Unfortunately, not all interventions succeed. Some teens commit suicide even in places such as psychiatric hospitals that are designed to provide intensive treatment and supervision. A person who is determined to commit suicide may find a way to do so despite the best efforts of the people who try to help.
Coping with suicide
When a teen does commit suicide, friends, family members, and other people who were close to the teen will likely suffer intense feelings of grief and guilt. Some survivors blame themselves for not recognizing the teen’s despair or for failing to help. Others may feel guilty because the teen’s suicide appeared to have been caused by a specific event, such as a humiliation or disappointment, in which the survivor played a part. However, doctors agree that most suicides cannot be linked to a single occurrence, but rather take place only after an individual loses his or her ability to cope with everyday problems.

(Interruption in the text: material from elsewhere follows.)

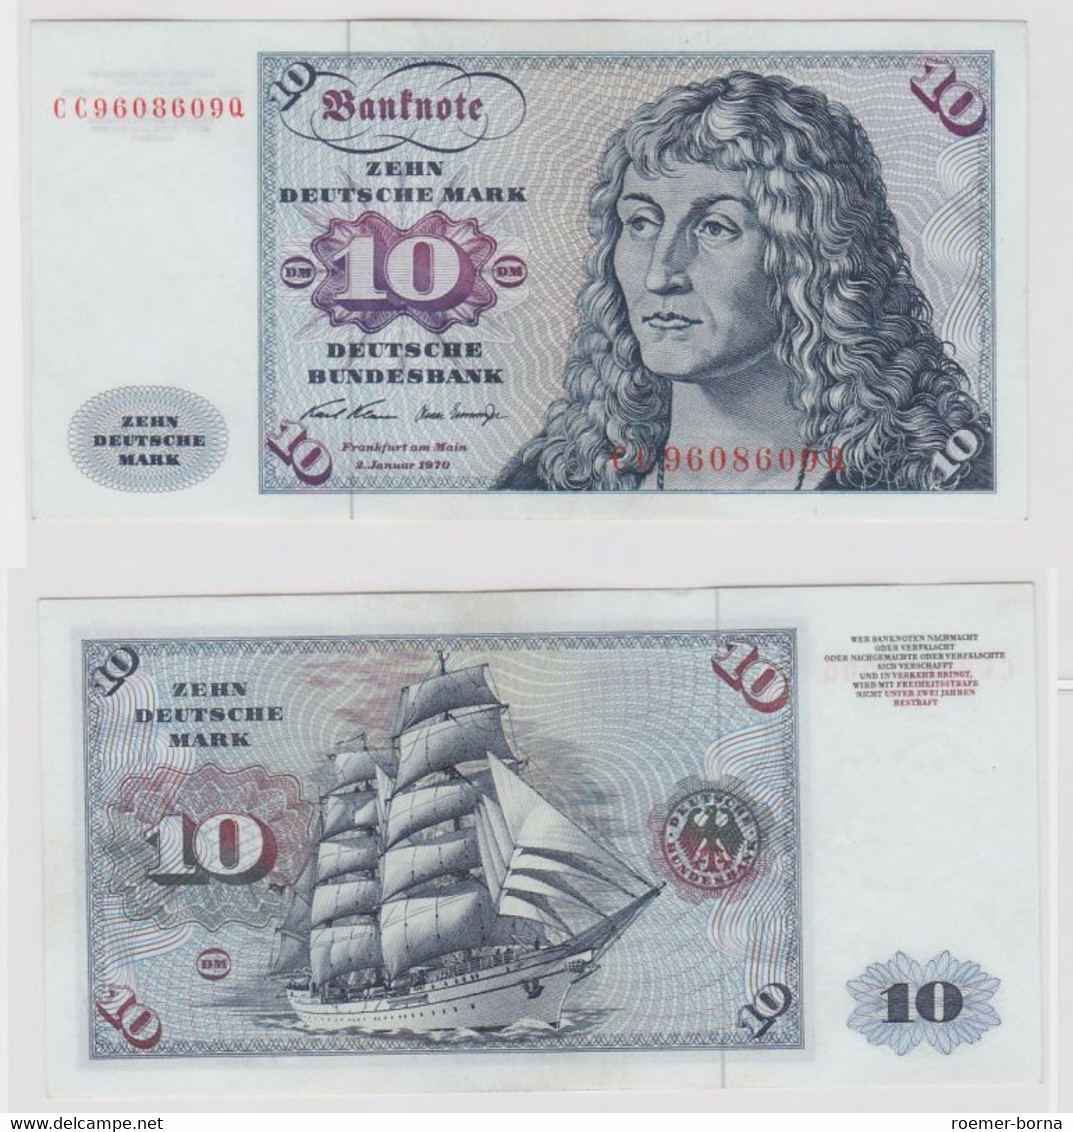 T147488 Banknote 10 DM Deutsche Mark Ro. 270a Schein 2.Jan. 1970 KN CC 9608609 Q - 10 DM

Mental health experts agree that the best way to prevent suicide is to prevent the problems that lead to suicidal behavior. Parents and other adults can act as role models, teaching young children effective ways to solve life’s problems and cope with stress. Adults should become familiar with the stresses in their teen’s lives and be certain that parental and personal expectations are realistic. Adults should also know the warning signs of suicidal behavior, so that they can identify problems early, when treatment may be most effective.
Most importantly, doctors say, parents need to communicate openly with their teen-agers. Parents should encourage their teens to talk about the problems in their lives and listen attentively and empathetically when their children speak.